The ceiling division ensures we always launch enough blocks to cover all N elements. The last block will have some idle threads, which is fine - the bounds check handles them.

Verifying Occupancy

A100 limits per SM:

Max threads per SM: 2048
Max blocks per SM: 32
Max registers per thread: 255

With block size 256 and our kernel using roughly 16 registers per thread:

Threads per block: 256 (8 warps)
Blocks per SM: min(32, 2048/256) = 8
Active warps per SM: 8 * 8 = 64 (out of max 64)
Theoretical occupancy: 100%

For memory-bound kernels, high occupancy is critical - you need many in-flight memory requests to keep HBM busy.

Step 5: Production Error Checking

Undetected CUDA errors are worse than crashes. They produce silently wrong results that can corrupt a training run for hours before anyone notices.

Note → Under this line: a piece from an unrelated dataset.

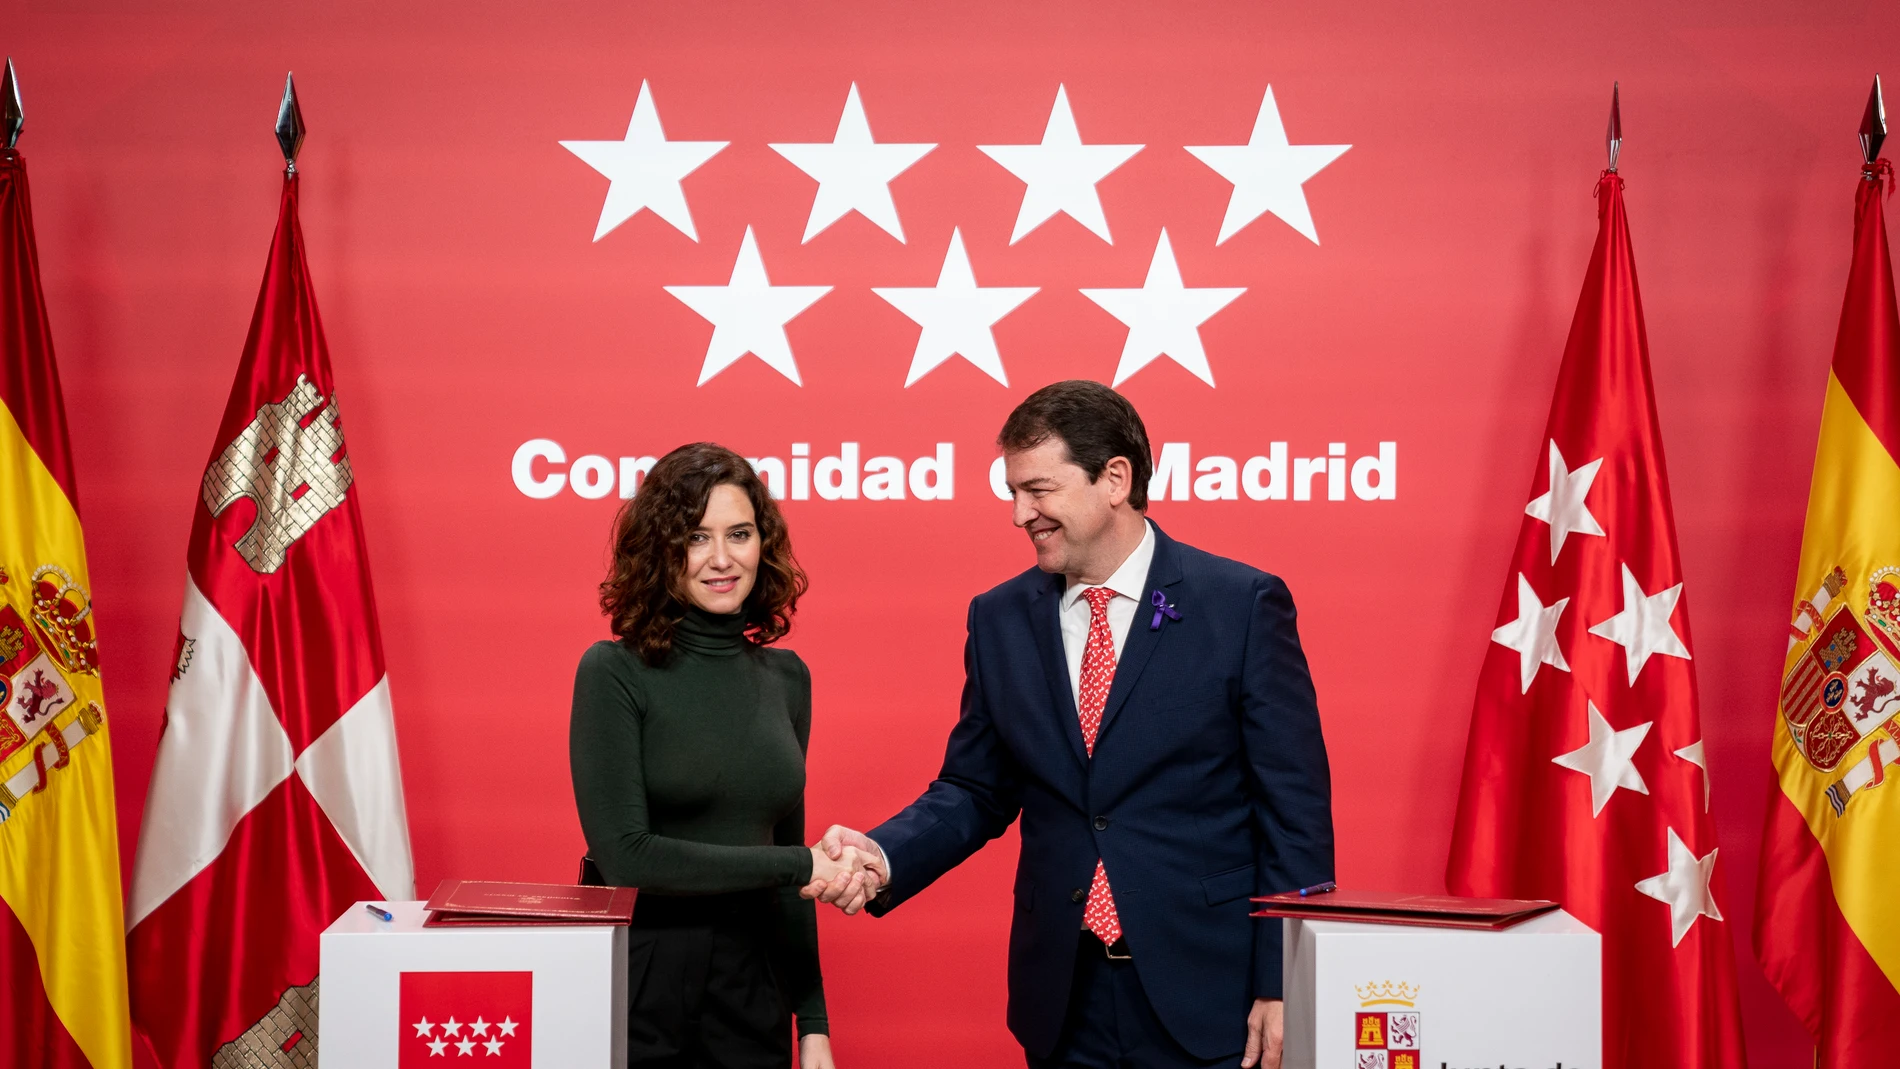 La presidenta de la Comunidad de Madrid, Isabel Díaz Ayuso, y el presidente de la Junta de Castilla y León, Alfonso Fernández Mañueco

// Error checking macro - use after every CUDA call
#define CUDA_CHECK(call) \
    do { \
        cudaError_t err = (call); \
        if (err != cudaSuccess) { \
            fprintf(stderr, "CUDA error at %s:%d - %s\n", \
                __FILE__, __LINE__, cudaGetErrorString(err)); \
            exit(EXIT_FAILURE); \
        } \
    } while(0)

// Usage:
CUDA_CHECK(cudaMalloc(&d_input, N * sizeof(float)));
CUDA_CHECK(cudaMemcpy(d_input, h_input, N * sizeof(float), cudaMemcpyHostToDevice));

fused_bias_gelu_kernel<<<grid_size, block_size>>>(d_input, d_bias, d_output, N, H);

// Kernel launches are asynchronous - check for launch errors
CUDA_CHECK(cudaGetLastError());

// Synchronize and check for execution errors
CUDA_CHECK(cudaDeviceSynchronize());

In production, you would replace exit(EXIT_FAILURE) with a proper exception or error code. PyTorch's C++ extension infrastructure has its own error handling via AT_CUDA_CHECK.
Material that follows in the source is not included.